5. Ceza Dairesi Esas No: 2012/14385 Karar No: 2014/1832 Karar Tarihi: 20.02.2014
Zimmet - Yargıtay 5. Ceza Dairesi 2012/14385 Esas 2014/1832 Karar Sayılı İlamı
Özet:
Sanık, bir kamu kurumunda tahakkuk memuru olarak çalışırken, gerçek dışı gece zamları tahakkuk ettirerek, işçilere ödeme yaptı ve fazla tahakkuk eden paraları kendisine ve emekli personelin banka hesaplarına yatırdı. Mutemet sanık da kesilen fazla tahakkuk eden bir tutarı çekerek suça iştirak etti. Mahkeme, suça konu paraların görevi dolayısıyla teslim edilmediği, muhafaza ve gözetim sorumluluğunun olmadığı, yasal tevdii unsurunun gerçekleşmediği için zimmet suçunun oluşmadığına karar verdi. Ancak zincirleme dolandırıcılık suçu oluştuğu için sanıklar mahkum edildi. Sahtecilik suçu 15 yıllık, dolandırıcılık suçu 7 yıl 6 aylık asli ve ilave dava zamanaşımına tabi oldu. Karar, yeniden yargılamayı gerektirmediğinden sanıkların açılan kamu davalarının zamanaşımı nedeniyle düşürülmesine karar verildi. Kanun maddeleri ise TCK'nin 247, 339/1, 504/7, 102/3, 104/2, 5320 sayılı Yasanın 8/1. ve CMK'nın 223/8. maddeleridir.

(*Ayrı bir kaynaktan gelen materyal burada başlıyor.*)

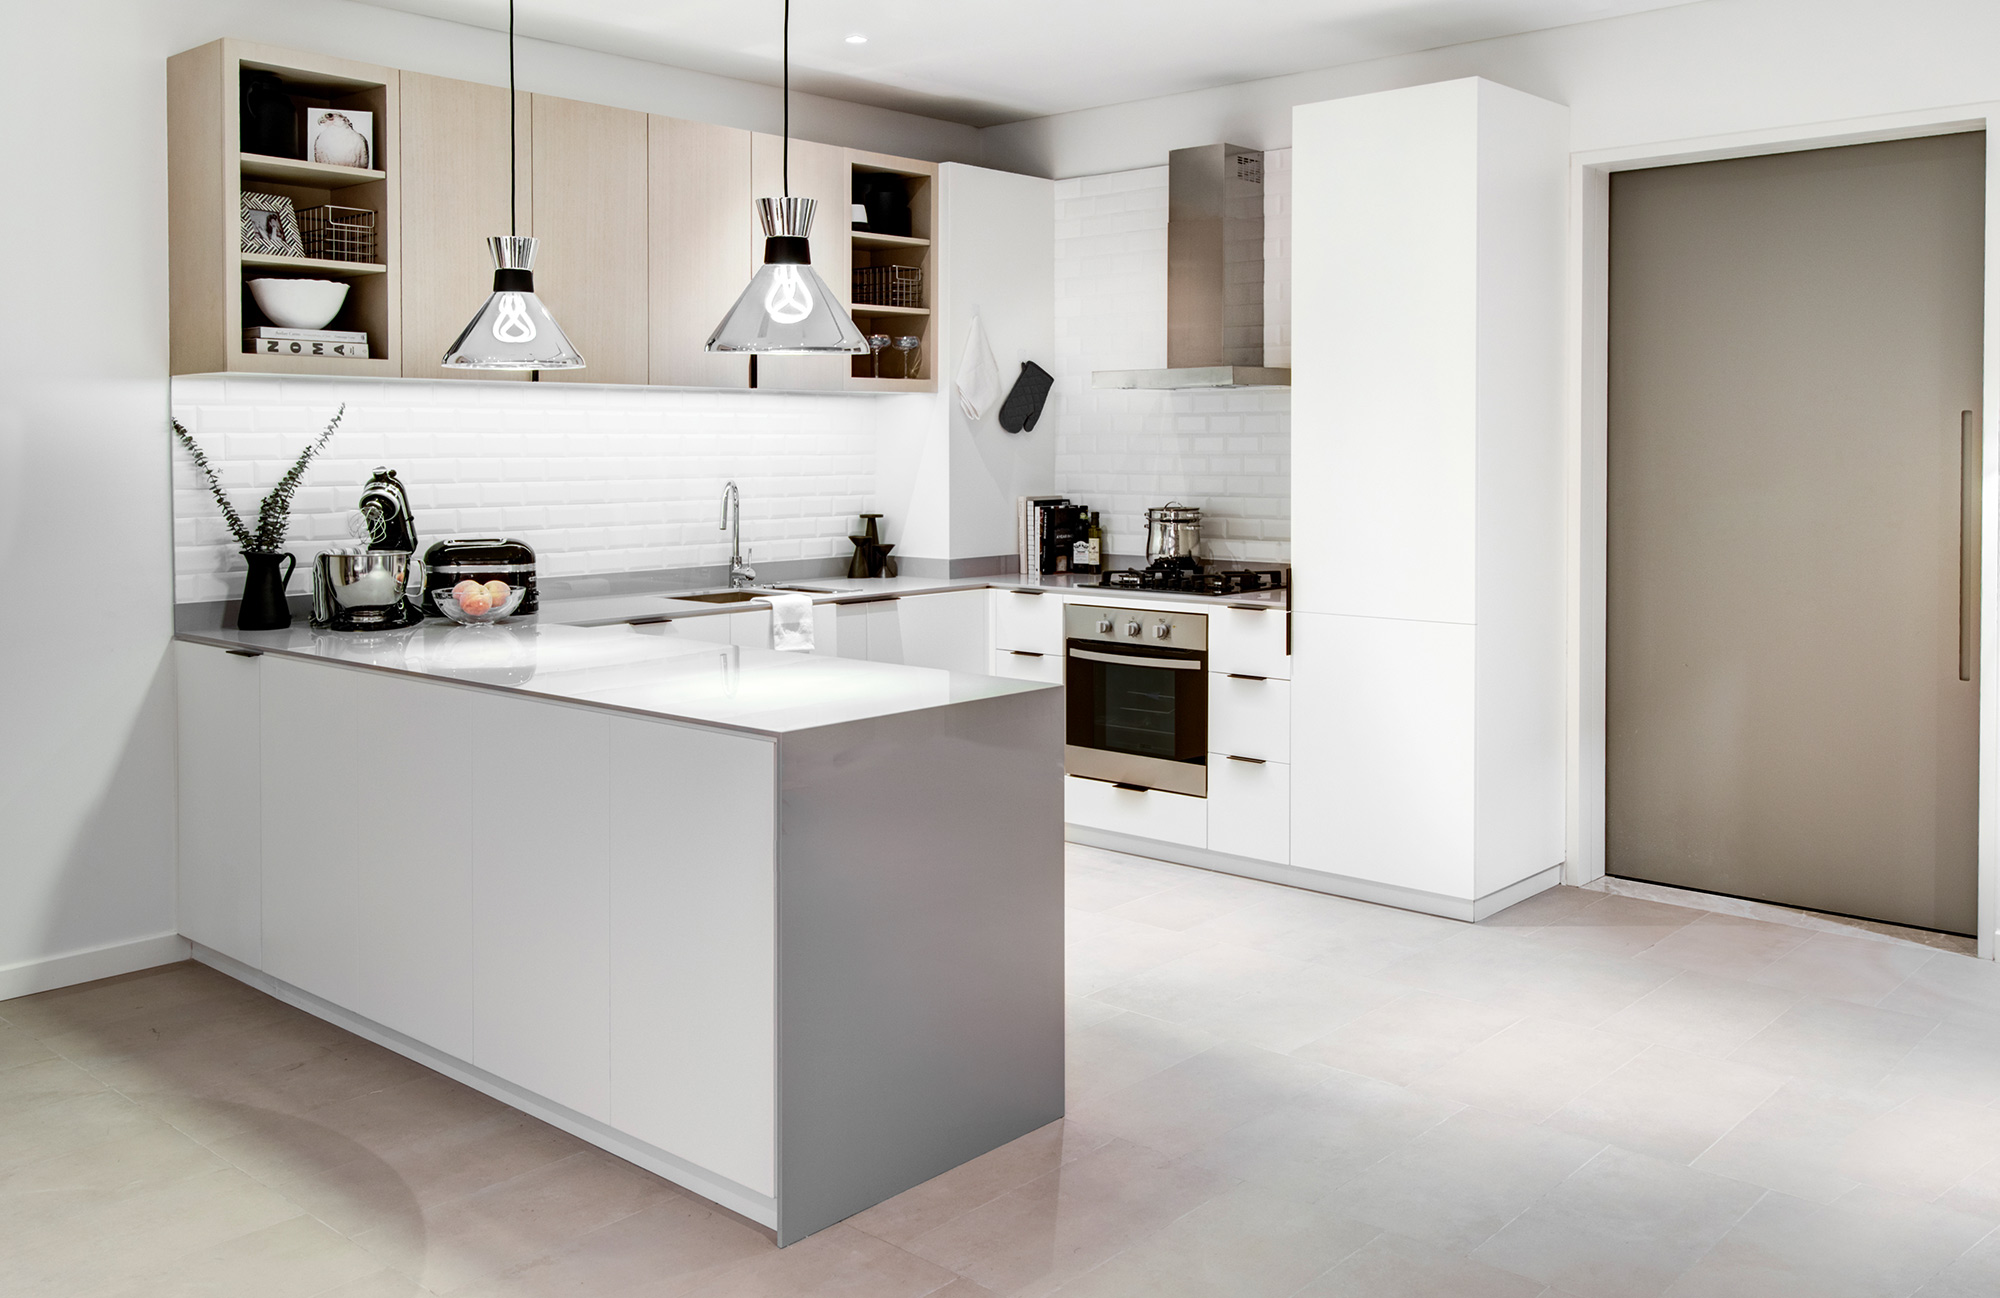 Image of Belgravia Heights I Show Apartment Kitchen in Asymmetrical seams across the entire worktop - Cosentino
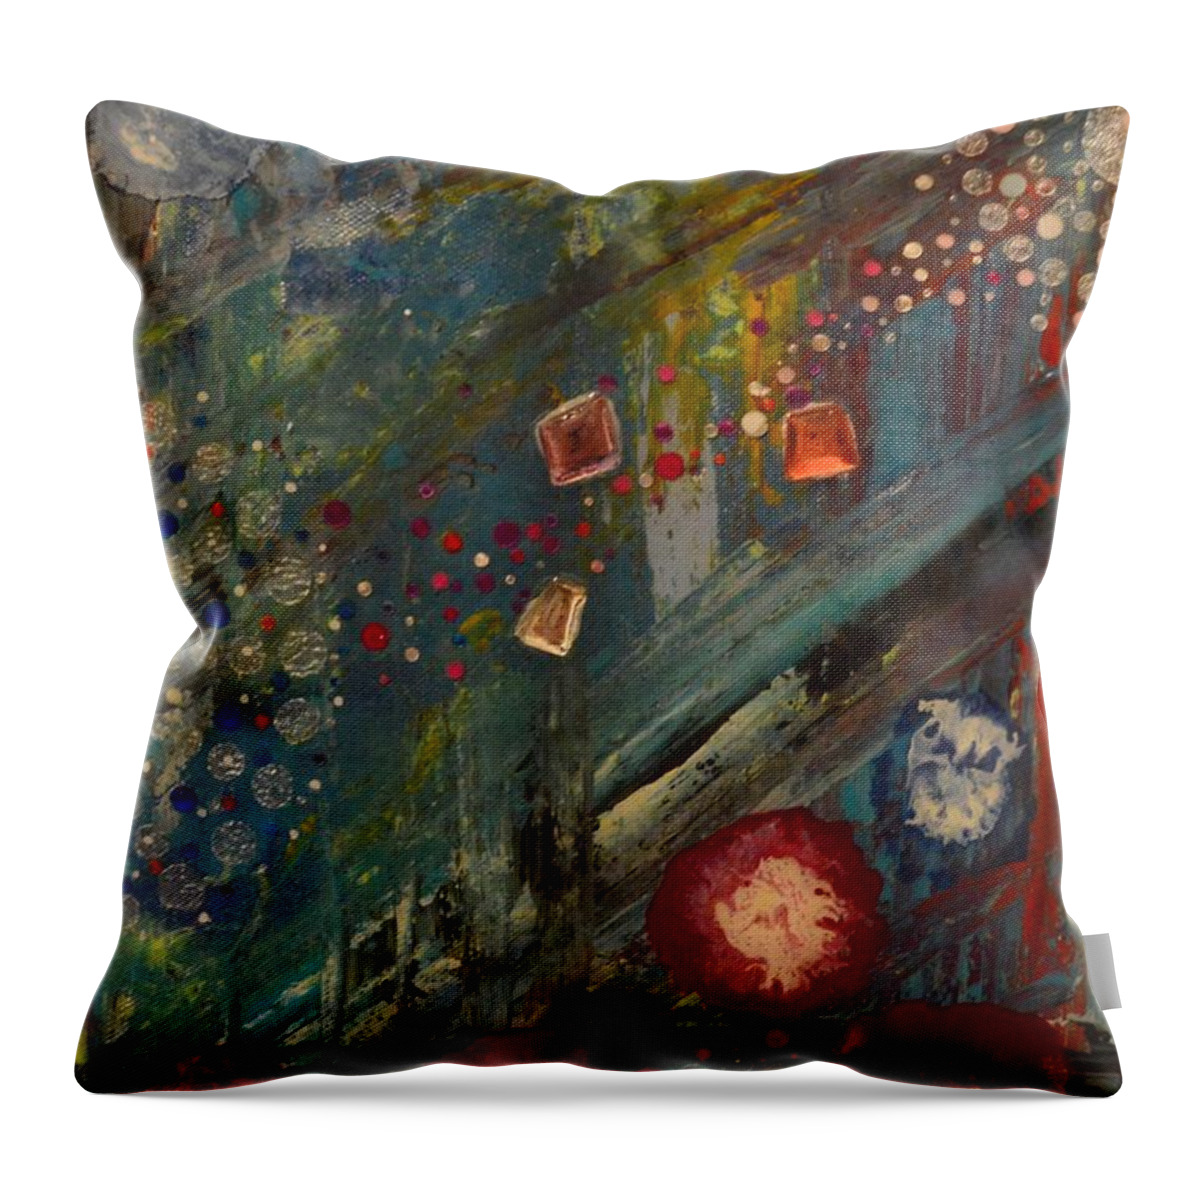 Fox Throw Pillow featuring the painting The Owl The Fox and The Poppies by MiMi Stirn

5. Ceza Dairesi 2012/14385 E. , 2014/1832 K.
"İçtihat Metni"
MAHKEMESİ :Ağır Ceza Mahkemesi SUÇ : Zimmet HÜKÜM : Mahkumiyet
Mahalli mahkemece verilen hükümler temyiz edilmekle dosya incelenerek, gereği düşünüldü: ... Belediyesi İSU Genel müdürlüğünde tahakkuk memuru olarak görev yapan sanık ..."nın değişik birimlerde görev yapan bir kısım işçilerin Mayıs-Haziran-Temmuz 1996 aylarına ilişkin bordrolarında haketmedikleri halde gerçeğe aykırı bir şekilde gece zamları tahakkuk ettirdiği, daha sonra işçi ücretlerinin yatırıldığı banka şubesine gönderilen maaş disketleri üzerinde işlem yaparak, fazladan tahakkuk ettirdiği gece zamlarını kesip bu paraların kendisine ve banka kartlarını ele geçirdiği emekli personele ait banka hesaplarına yatırılmasını sağlamak suretiyle toplam 827,24 TL"yi mal edindiği, mutemet olan sanık ..."nın ise... tarafından Temmuz 1996 döneminde yukarıda belirtildiği şekilde kesilen 512,85 TL"nin 260,51 TL"sini 03/09/1996 tarihinde bankadan çektiğinin anlaşılması karşısında; TCK"nın 247. maddesinde düzenlenen zimmet suçunun oluşması için "kamu görevlisinin görevi nedeniyle zilyetliği kendisine devredilmiş olan veya koruma ve gözetimiyle yükümlü olduğu malı kendisinin veya başkasının zimmetine geçirmesi" gerektiği, olayımızda ise suça konu paraların görevi dolayısıyla..."a teslim edilmediği, muhafaza ve gözetim sorumluluğunun olmadığı, fiillerinde yasal tevdii unsurunun gerçekleşmediği, bu nedenlerle eylemlerinin suç tarihinde yürürlükte olan 765 sayılı TCK"nın 339/1 ve 504/7. maddelerine uyan zincirleme resmi belgede sahtecilik ve zincirleme kamu kurumu zararına dolandırıcılık,..."nın eyleminin ise kamu kurumu zararına dolandırıcılık suçuna iştirak fiillerini oluşturacağı, sahtecilik suçunun aynı Kanunun 102/3 ve 104/2. maddelerinde belirlenen 15 yıllık, dolandırıcılık suçunun ise 102/4 ve 104/2. maddelerinde belirlenen 7 yıl 6 aylık asli ve ilave dava zamanaşımına tabi olduğu, son suç tarihi olan Temmuz 1996 ile inceleme günü arasında bu sürelerin gerçekleştiği anlaşıldığından, 5237 sayılı TCK"nın 7/2 ile 5320 sayılı Yasanın 8/1. maddesi de gözetilmek suretiyle hükümlerin CMUK"nın 321. maddesi uyarınca BOZULMASINA, ancak bu husus yeniden yargılamayı gerektirmediğinden sanıklar hakkında açılan kamu davalarının aynı Kanunun 322/1 ve 5271 sayılı CMK"nın 223/8. maddeleri uyarınca zamanaşımı nedeniyle ayrı ayrı DÜŞMESİNE, 20/02/2014 tarihinde oybirliğiyle karar verildi.